The bigger thing is that it will benefit those that have power... What many people don't realize though is that much of the reservation is like a third world country without running water or electricity!
If I want to know something, there's a good chance that I can learn it on the internet. It used to be that I had to go to a library to find information, sort through a card catalog for books that sound like they'd fit what I'm looking for, and actually do some serious research. Now? Pull up a search engine, and there's a good chance that I'll have the information I'm looking for in a matter of seconds.

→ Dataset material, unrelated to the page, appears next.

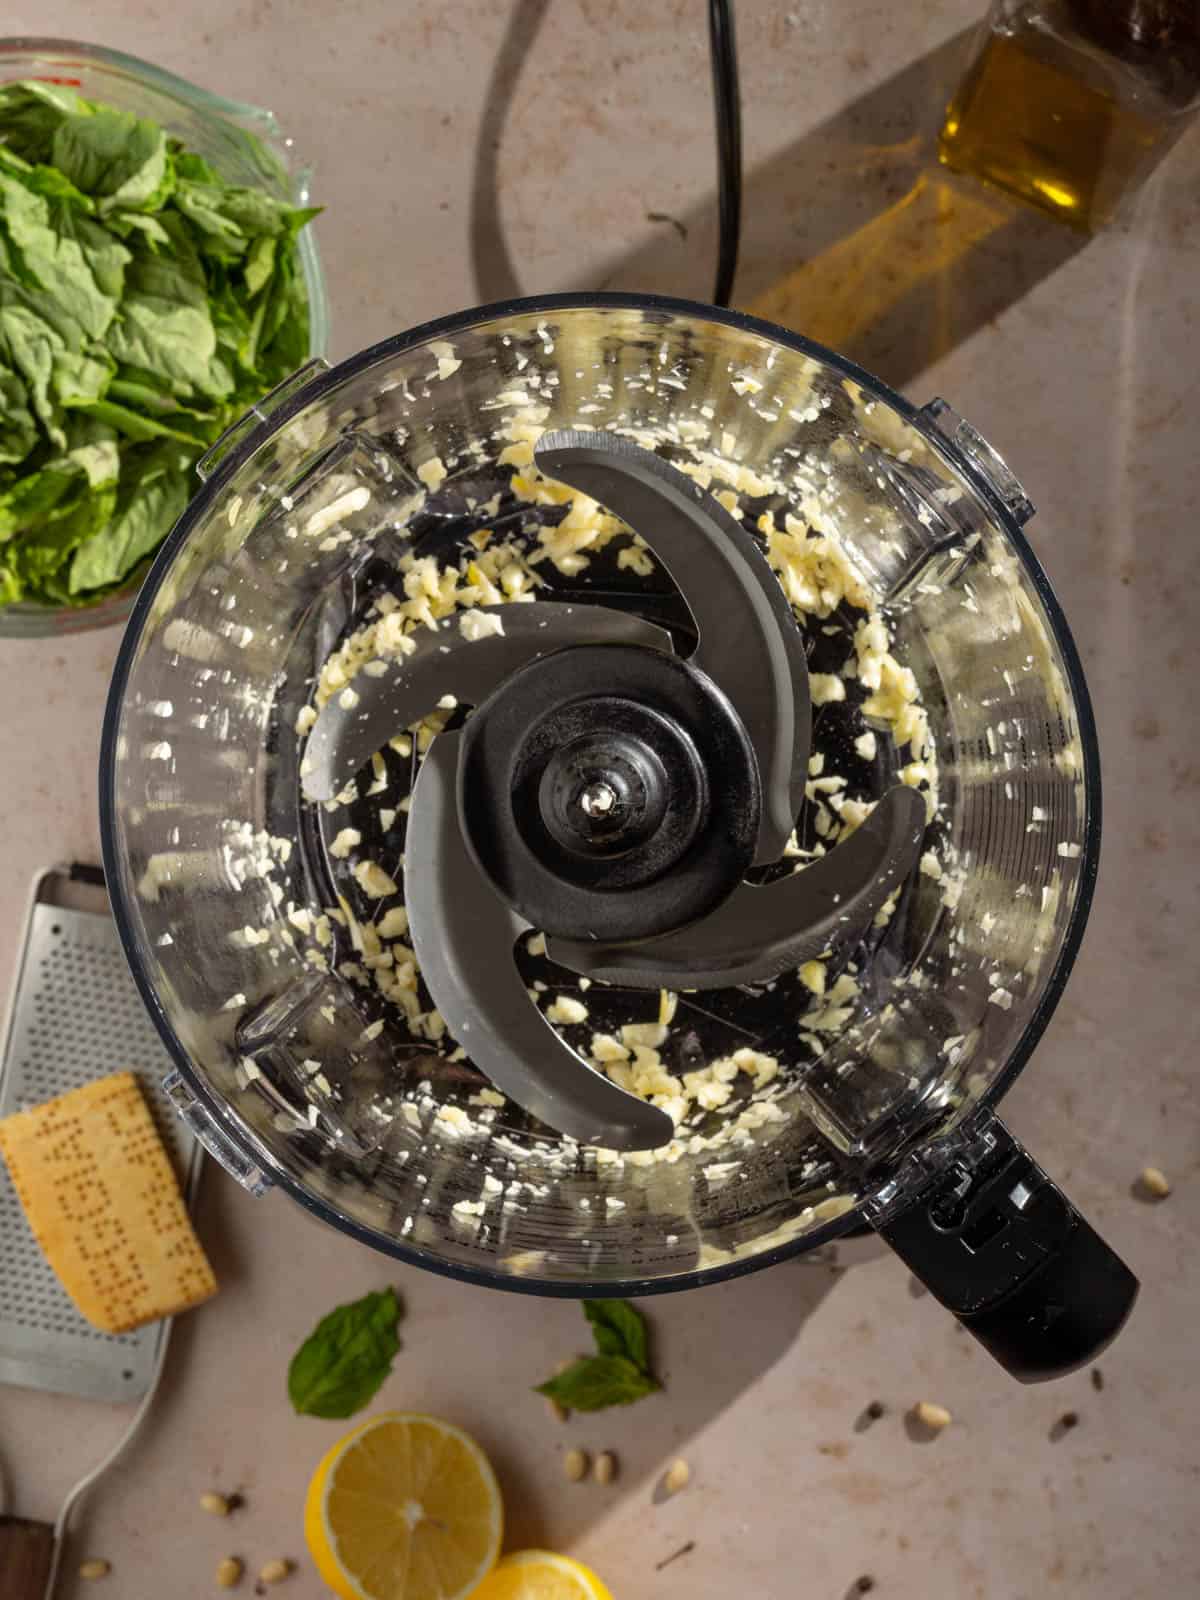 Chopped garlic in a food processor.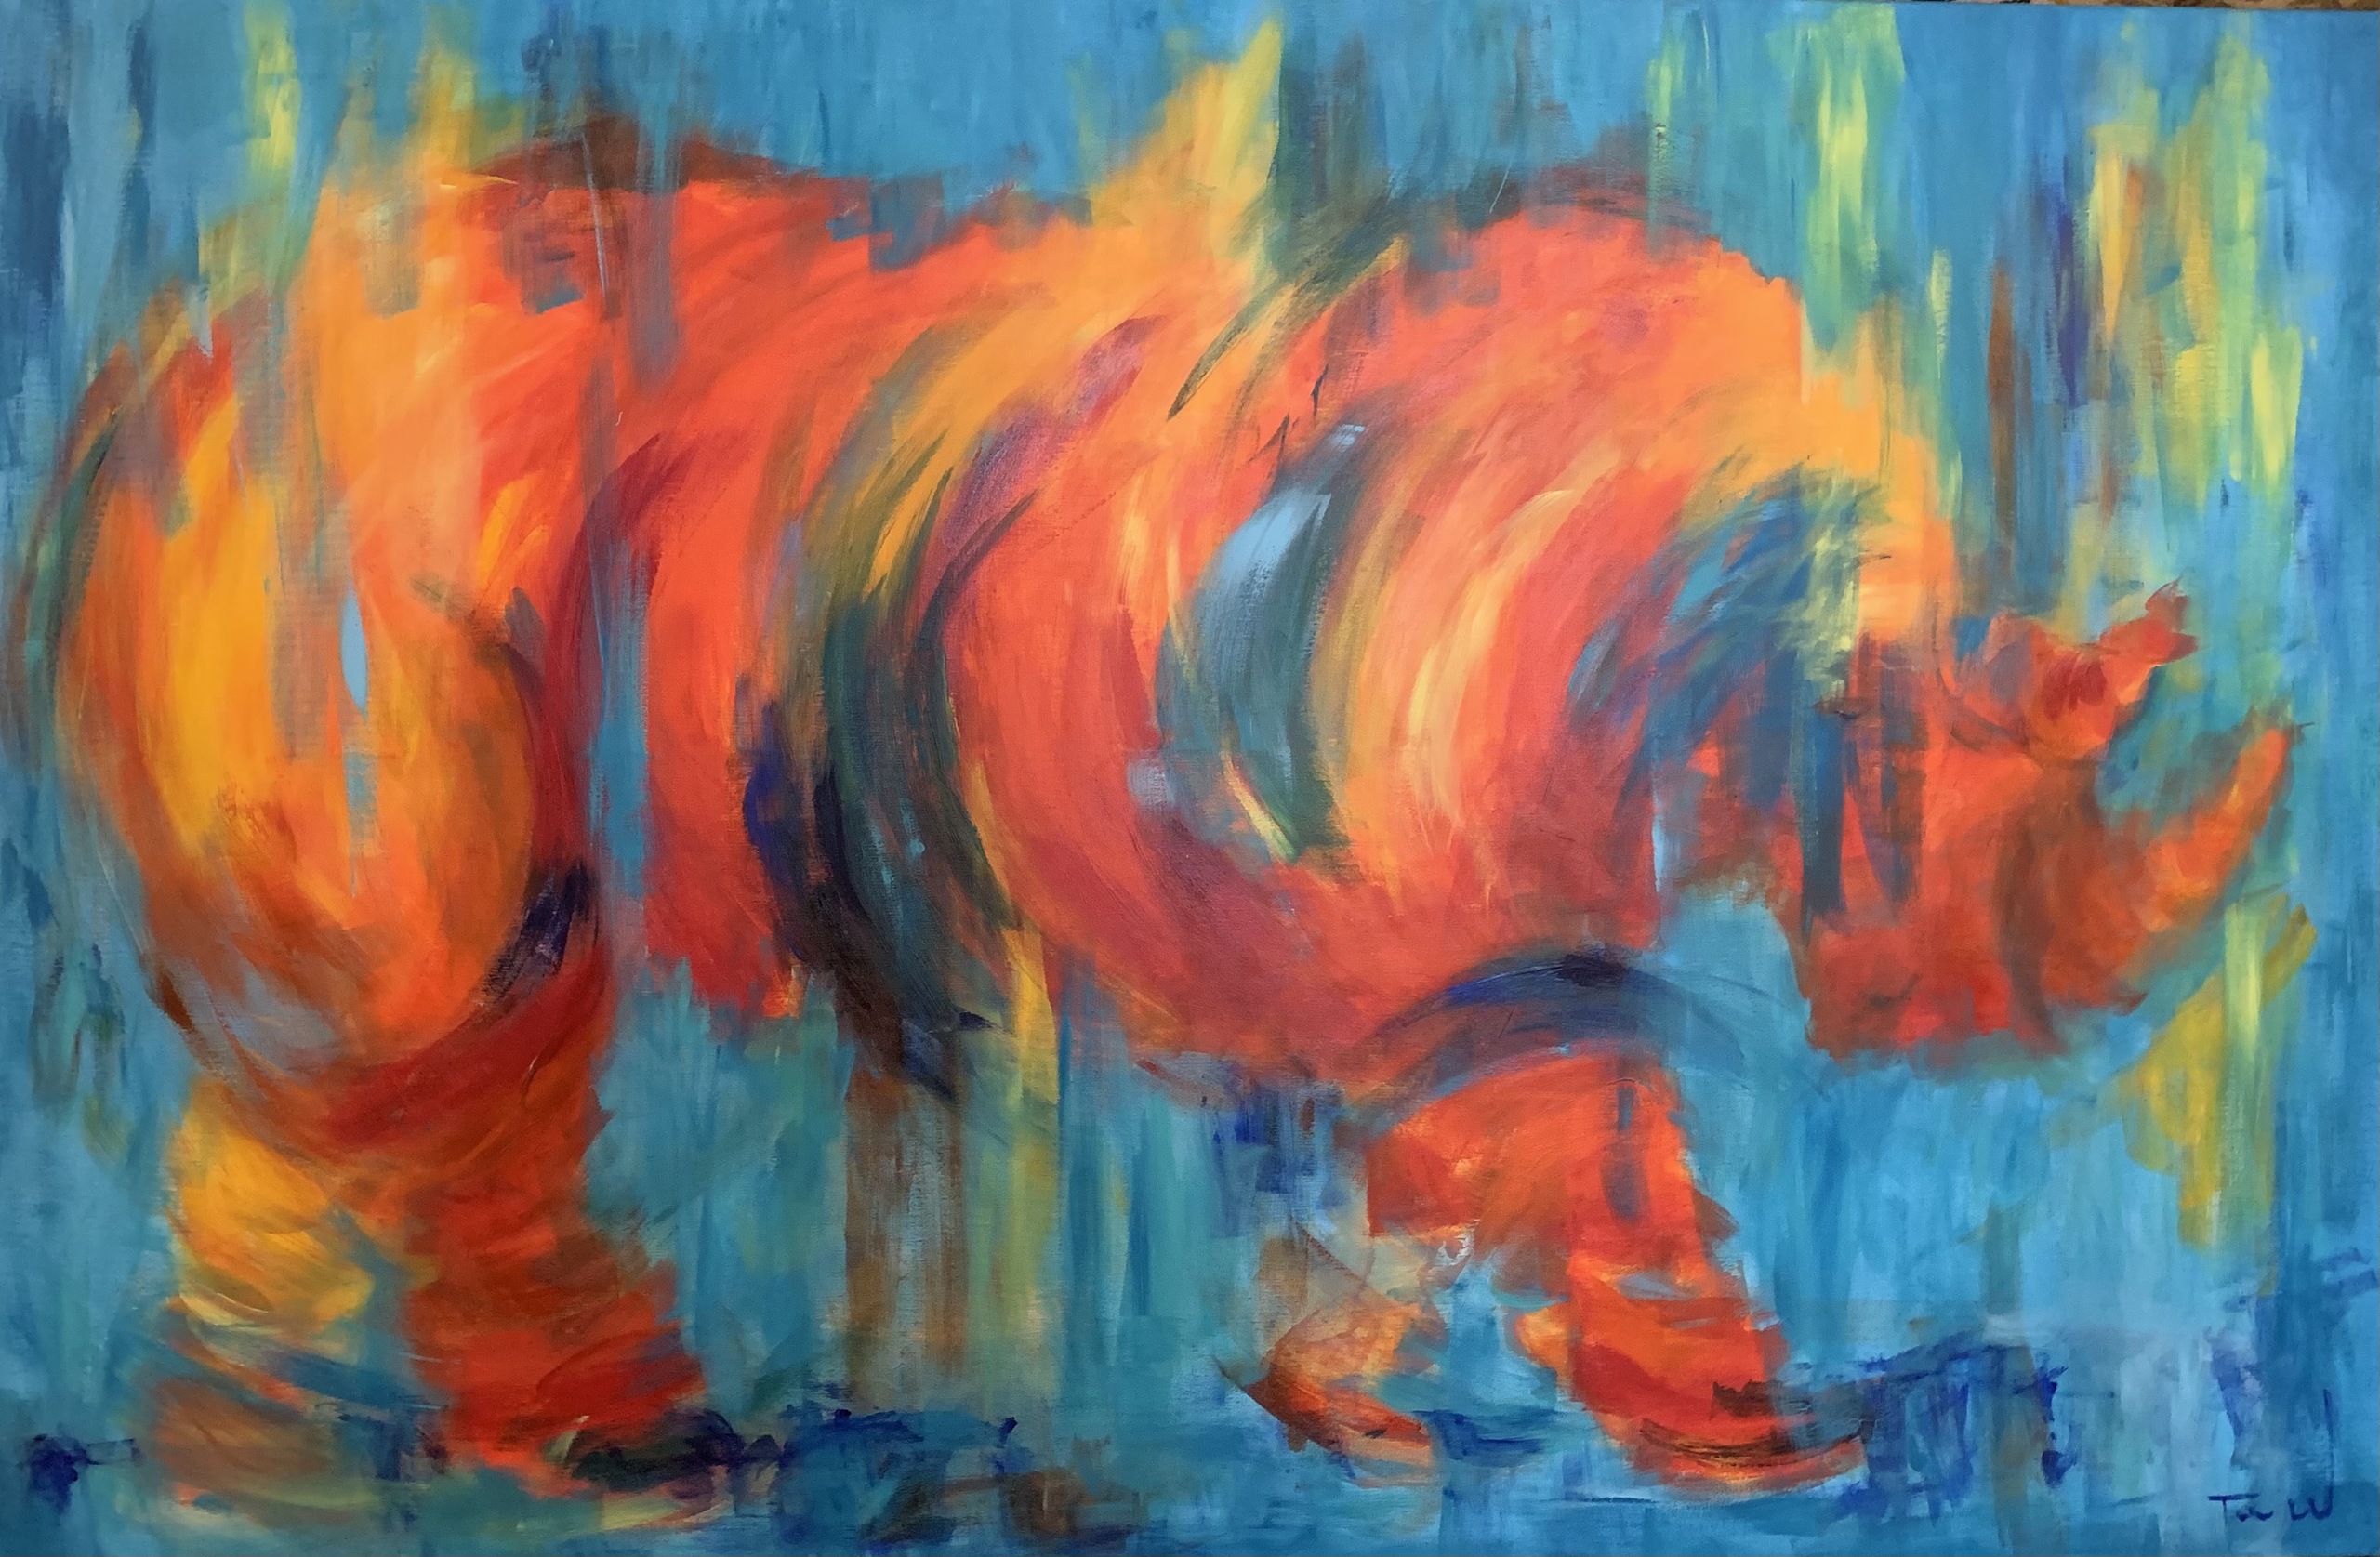 Stort abstrakt maleri, hvor man muligvis kan se et næsehorn i de spontane og transparente strøg.

"Thousands of years" ago, information was restricted by the practicality of reproducing it. That is, someone actually had to write out the scroll. Literacy wasn't common for most of the populace. Some 600 years ago, reproducing books became more practical, with the advent of movable type. It made more sense to have a more-educated populace. The Internet is another iteration on the ease of disseminating information. It makes finding information easier than books did before it. That being said, it's just another tool on the educational toolbelt.
Basically, you can't compare education millenia ago with education centuries ago. As the Internet leaves its infancy, you won't be able to compare learning and education a few decades from now to education a couple decades ago. The Internet allows so much higher ease of access to so much more information that a sensible comparison is difficult to make.
It is pitch black. You are likely to be eaten by a grue.